Long story short, I need to compare two data sets (A
and B
). B
should be a copy of A
but on an Impala server. Everyday I am retrieving B
to SAS from the Impala server through a SQL pass-through.
I am writing a program that will be run everyday to make sure those two data sets match 1:1. However, I am struggling with numerical approximations (precision).
Here is an example of A:
ID | value |
---|---|
01 | 0 |
02 | 5000 |
03 | 978908.69 |
04 | 109789503.12 |
05 | 49505954.92 |
In order to make the comparison, I am concatenating the two columns in a conc
column and then I am comparing A
and B
.
data want;
set have;
conc=cats(id,value);
run;
This basically works for all the observations except one.
The observation has a value for A
of 9128554507.9
and B
of 9128554507.8
. No format or informat are applied to the variables.

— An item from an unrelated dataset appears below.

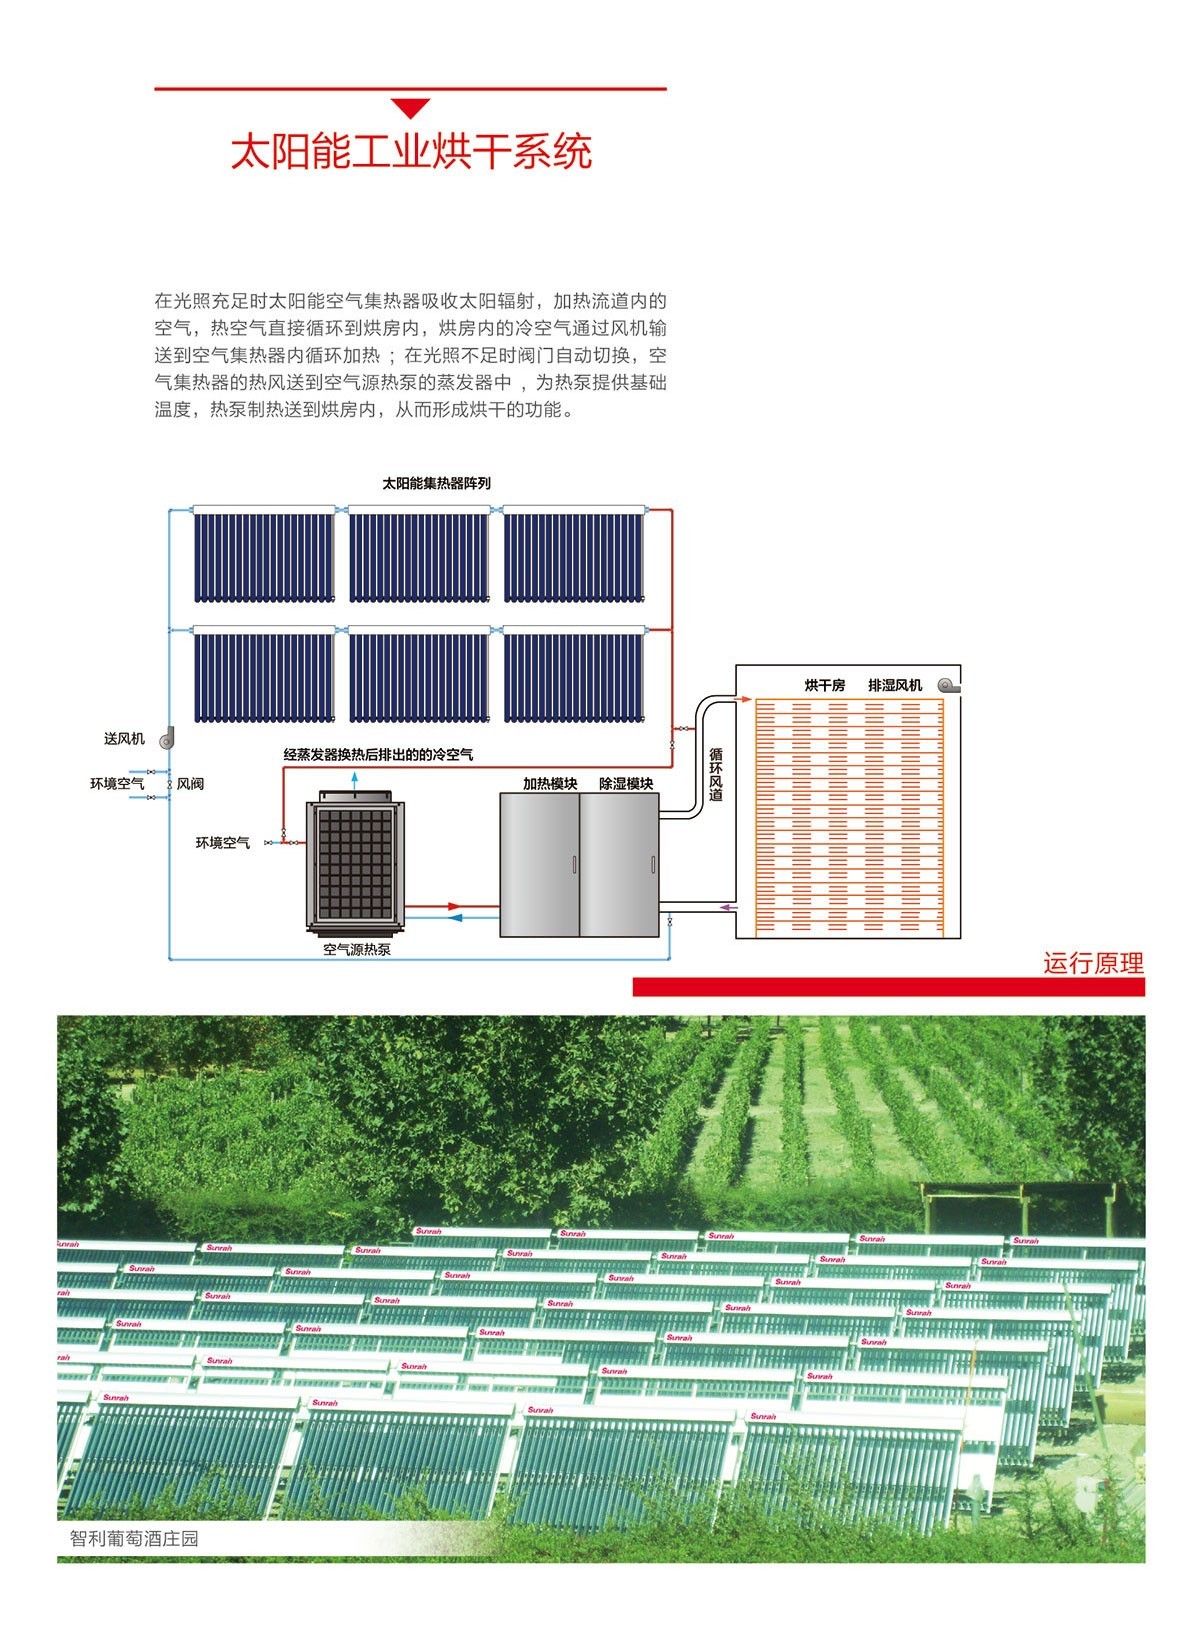 太阳雨太阳能|太阳能热水器|燃气热水器|电热水器|抽油烟机|燃气灶具

However, when applying a comma32.30
format on the value variable, I see that for A
and B
, the value is the same 9128554507.850000000000000000000
. So they should be the same.
Then I saw the following in the documentation for the CATS function
The CATS function removes leading and trailing blanks from numeric arguments after it formats the numeric value with the BESTw. format.
Then I thought it would be a good idea to transform the numeric variables to character variables. I did it using this macro:
/*macro to convert all numeric to char*/
%macro vars(dsn, outp);
%let list=;
%let type=;
%let dsid=%sysfunc(open(&dsn));
%let cnt=%sysfunc(attrn(&dsid,nvars));
%do i = 1 %to &cnt;
%let list=&list %sysfunc(varname(&dsid,&i));
%let type=&type %sysfunc(vartype(&dsid,&i));
%end;
%let rc=%sysfunc(close(&dsid));
data &outp(drop=
%do i = 1 %to &cnt;
%let temp=%scan(&list,&i);
_&temp
%end;);
set &dsn(rename=(
%do i = 1 %to &cnt;
%let temp=%scan(&list,&i);
&temp=_&temp
%end;));
%do j = 1 %to &cnt;
%let temp=%scan(&list,&j);
/** Change C to N for numeric to character conversion **/
%if %scan(&type,&j) = N %then %do;
/** Also change INPUT to PUT for numeric to character **/
&temp=PUT(_&temp,best.);
%end;
%else %do;
&temp=_&temp;
%end;
%end;
run;
%mend vars;
See that the best.
format was used. Unfortunately I end up with the same value has before, a value for A
of 9128554507.9
and B
of 9128554507.8
. I don't know what is happening between the two data sets? The "real" value seems to be the same but when applying the best.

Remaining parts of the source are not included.